Fortress LTE technology includes Virtual Core Network (vCN), eNodeB Base Stations, LTE Band 14 Outdoor Omni-Directional User Equipment, C-Band LTE User Equipment, LTE USB Stick Modem. 4G Evolved Node B (eNodeB) base stations are software defined radios that house both digital baseband and Radio Frequency (RF) circuits in a compact, rugged, mountable enclosure to eliminate external interfaces and reduce installation errors and setup time. A range of eNodeB form factors are offered for different deployment scenarios and support standard 4G LTE band classes and frequency ranges from 400 MHz to 6 GHz. Virtual Core Network (VCN) is virtual 4G core network that can be deployed on a wide range of COTS computing platforms. The VCN is an Evolved Packet Core (EPC) solution.

=== Cyber ===
Cyber Defense products include: TACLANE Network Encryptors, ProtecD@R Data-at-Rest Encryptors, GEM X™ Encryptor Manager, PitBull Operating System and Trusted Network Environment.

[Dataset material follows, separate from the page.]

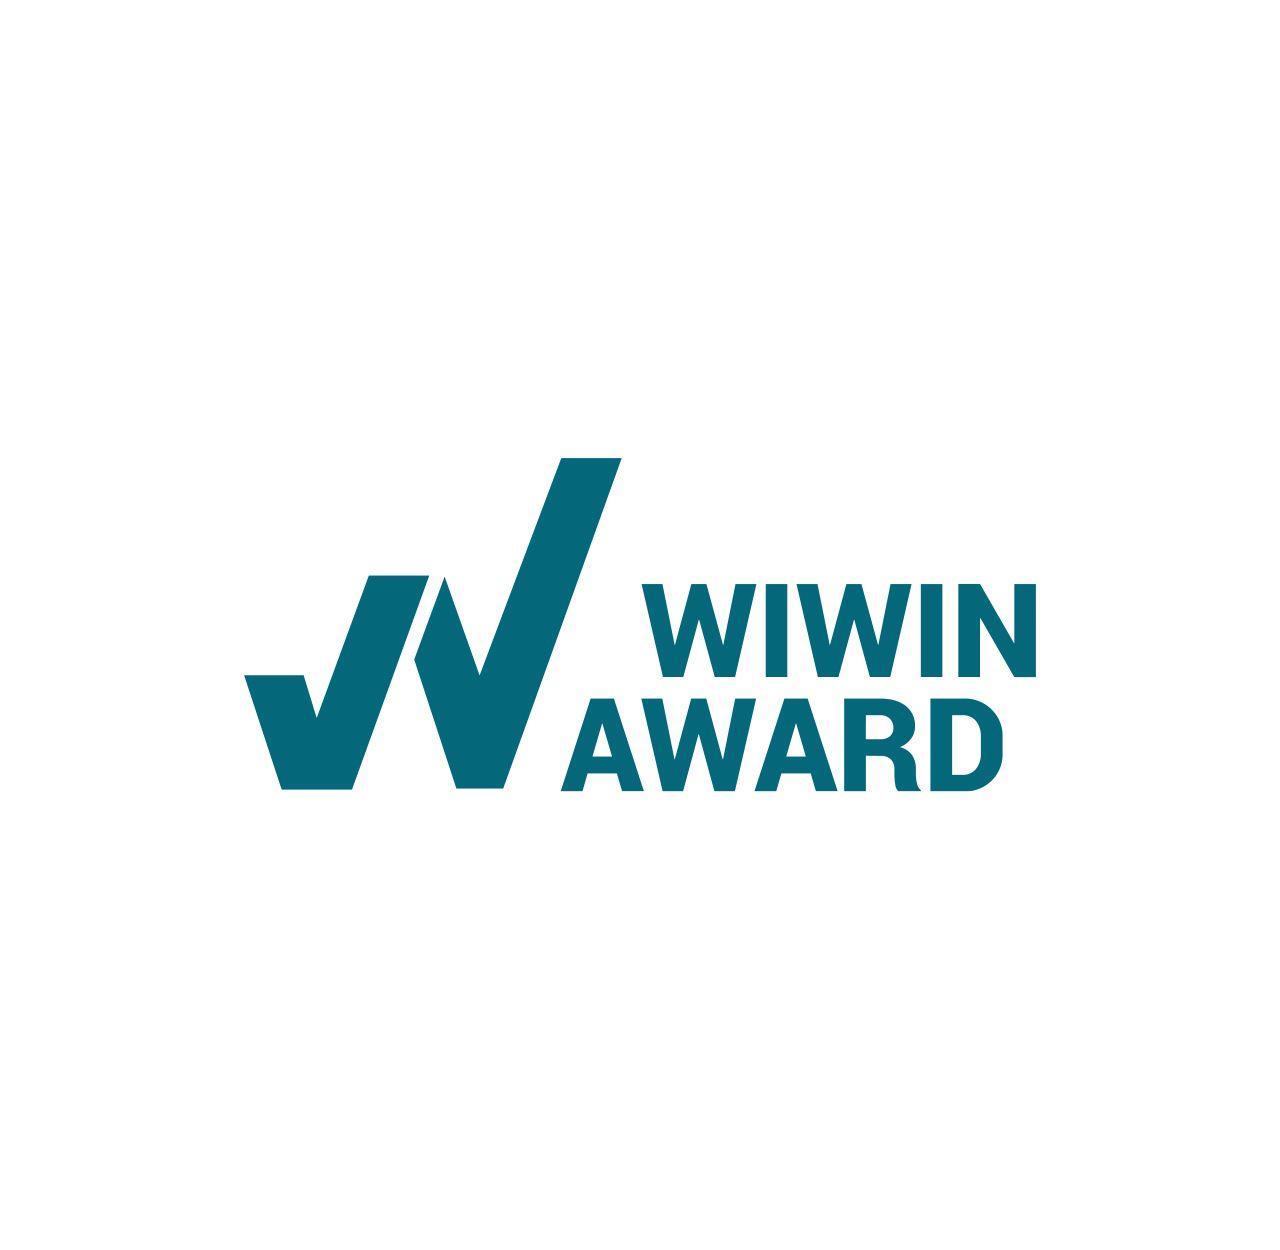 Wiwin Award Logo
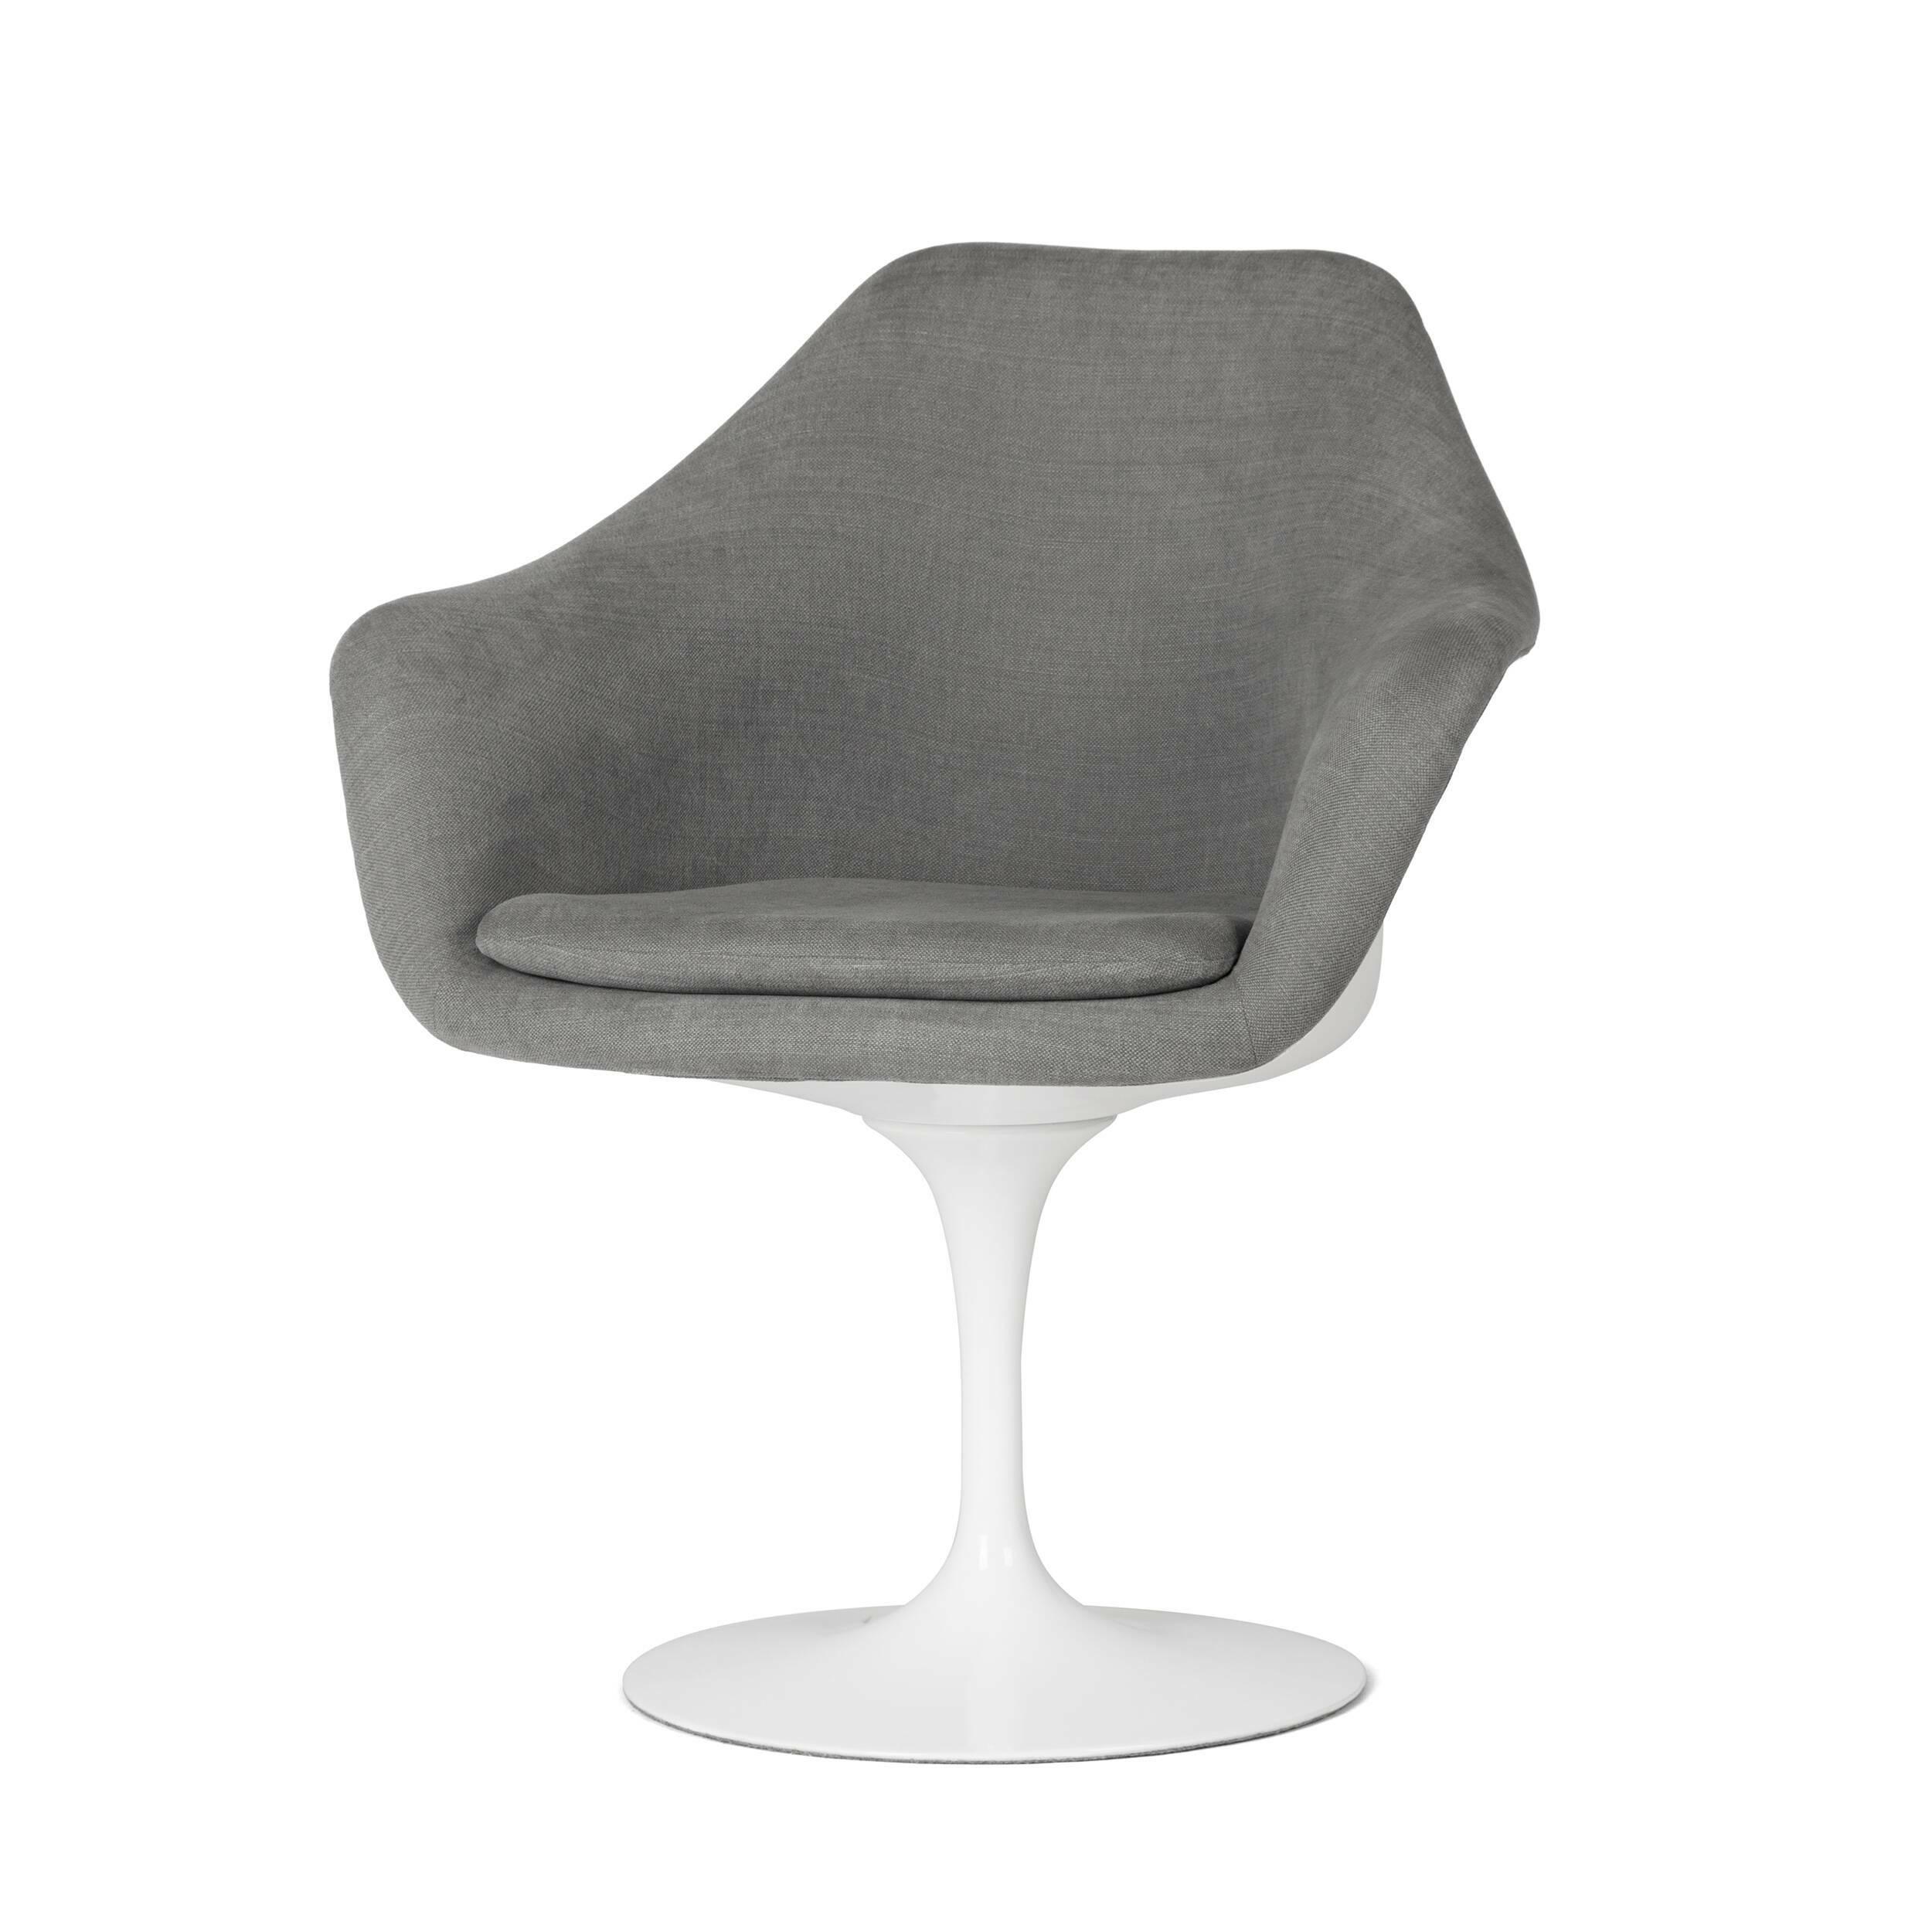 Cтул Tulip с подлокотниками и обитой спинкойИнтерьерные<br>Дизайнерский яркий мягкий интерьерный стул Tulip (ТУлип) с подлокотниками и обитой спинкой на глянцевой ножке от Cosmo (Космо).<br><br>     Свои основные идеи финн Ээро Сааринен черпал в аскетичном подходе к дизайну, воплощая их в наиболее эффективных конструкционных решениях. «Решение любой дизайнерской задачи нужно искать в следующей, более крупной вещи, — утверждал Сааринен. — Если загвоздка в стуле, мы должны смотреть на то, как он соотносится с комнатой». Именно в стуле Tulip Ээро воплотил с...<br><br>stock: 2<br>Высота: 82,5<br>Высота сиденья: 47<br>Ширина: 71<br>Глубина: 60<br>Цвет ножек: Белый глянец<br>Тип материала каркаса: Стекловолокно<br>Материал сидения: Хлопок, Лен<br>Цвет сидения: Серый<br>Тип материала сидения: Ткань<br>Коллекция ткани: Ray Fabric<br>Тип материала ножек: Алюминий<br>Цвет каркаса: Белый глянец

=== Maritime and Strategic Systems ===
General Dynamics Mission Systems acquired Bluefin Robotics in February 2016. They are a manufacturer of unmanned undersea vehicles (UUVs) that perform a wide range of missions for the U.S. military and commercial customers.

The Independence-variant Littoral combat ship (LCS) is built on General Dynamics Mission Systems open architecture computing infrastructure (OPEN CI). Austal has been contracted to build for the U.S. Navy as prime contractor subsequent to a $3.5 billion block buy in 2010.

In August 2016, the company successfully completed at-sea testing for its MATADOR Torpedo Detection System under the Build in Canada Innovation Program (BCIP). Tests were conducted on a Royal Canadian Navy Ship.

MATADOR is an acoustic processing system which detecting and tracking heavyweight anti-ship torpedoes.

=== Radio Communications ===
The CM-300/350 Series Version 2 radios are the latest additions to the Air Traffic Control (ATC) radios. Based on the FAA NEXCOM Segment 2 radio requirements, these rack mounted transmitter and receiver systems are specifically designed to meet the dynamic mission requirements of air traffic control centers, commercial airports, military air stations and range installations.

=== Radio Astronomy ===
The MeerKAT telescope array, a precursor telescope to South Africa’s planned Square Kilometer Array (SKA), comprises 64 radio antennas in South Africa’s Northern Cape Province. When completed in 2016, MeerKAT will be the largest most powerful radio telescope in the Southern Hemisphere until the SKA array is completed in 2024. MeerKAT covers eight kilometers and will facilitate research into cosmic magnetism, galactic evolution, and the large-scale structure of the cosmos, dark matter and the nature of transient radio sources among other science projects.

=== Space ===
General Dynamics Mission Systems provides the integrated ground segments for the Mobile User Objective System (MUOS) that is being used by the U.S. Navy, which will soon provide cell phone-like communications for warfighters on the move.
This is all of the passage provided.